Sen. Dick Durbin (D-Ill.), a champion of FutureGen since its inception, called the decision a "huge disappointment for both central Illinois and supporters of clean coal technology."

"A decadelong bipartisan effort made certain that federal funding was available for the FutureGen Alliance to engage in a large-scale carbon-capture demonstration project," Durbin said in a statement. "But, the project has always depended on a private commitment and can’t go forward without it."

The announcement was applauded by environmental groups including the Sierra Club, which filed a legal challenge as recently as December to stop the project from moving forward.

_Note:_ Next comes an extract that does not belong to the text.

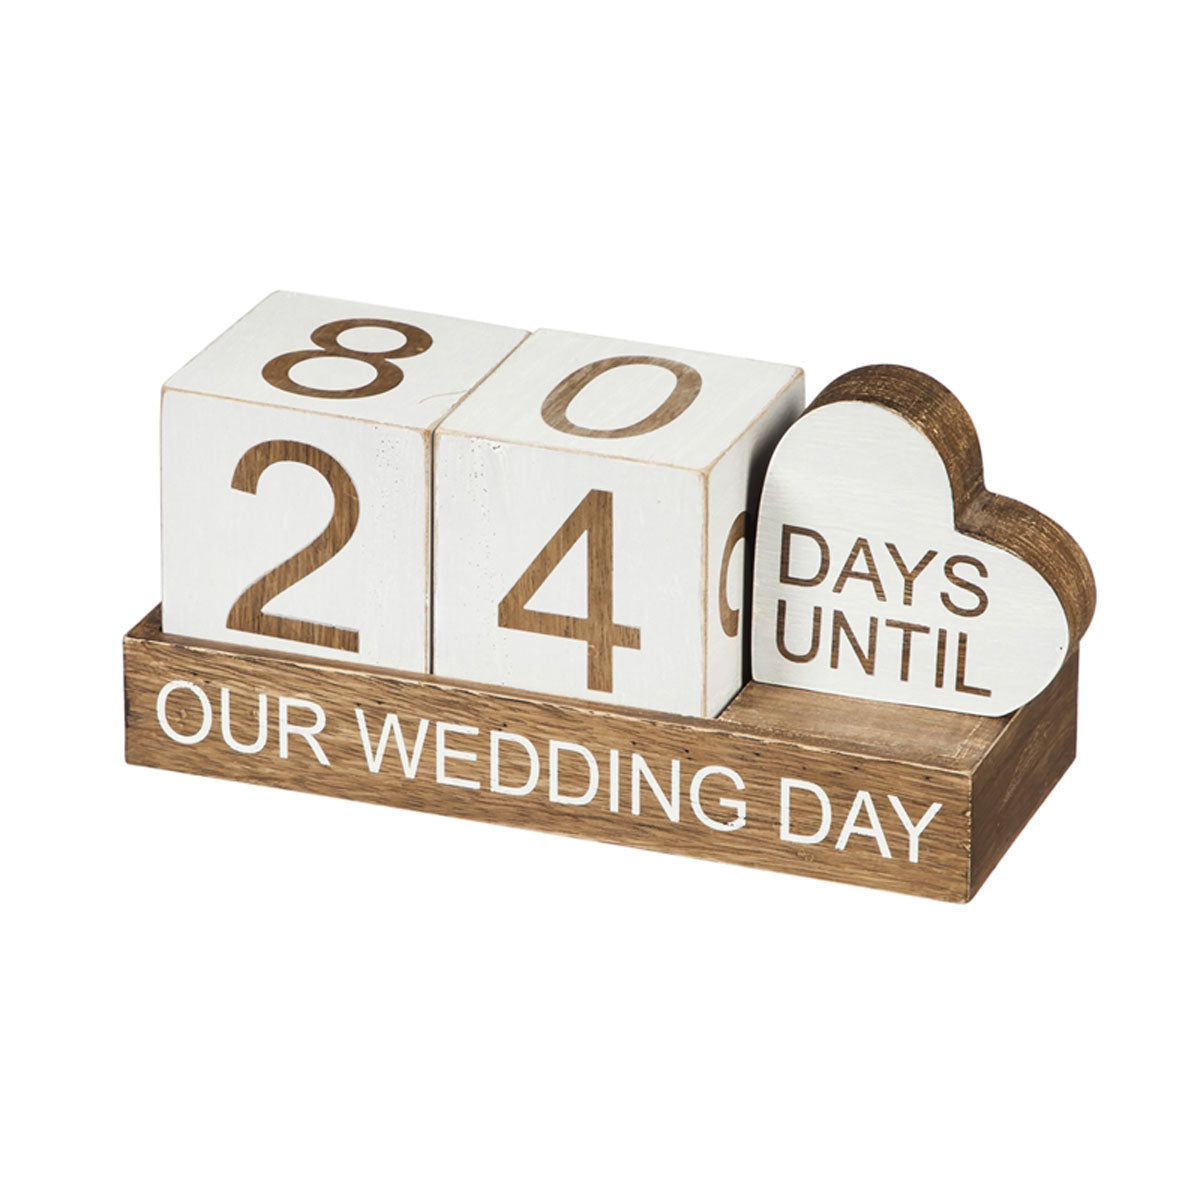 Our wedding day countdown calendar

"This project has gone through a decade of false starts and with today’s announcement, $1 billion in federal funding and hundreds of thousands of dollars in Illinois ratepayer financing can be freed up for investment in clean energy," said Holly Bender, deputy director of the group’s Beyond Coal campaign, in a statement.

The original FutureGen project was conceived in 2003 by the George W. Bush administration, which canceled it five years later because of soaring costs.

FutureGen 2.0 was proposed by the Obama administration using $1 billion in stimulus funding.

But as recently as last summer, Humphreys expressed concern about ongoing legal challenges that threatened to put a chill on needed financing for the project (EnergyWire, Aug. 15, 2014).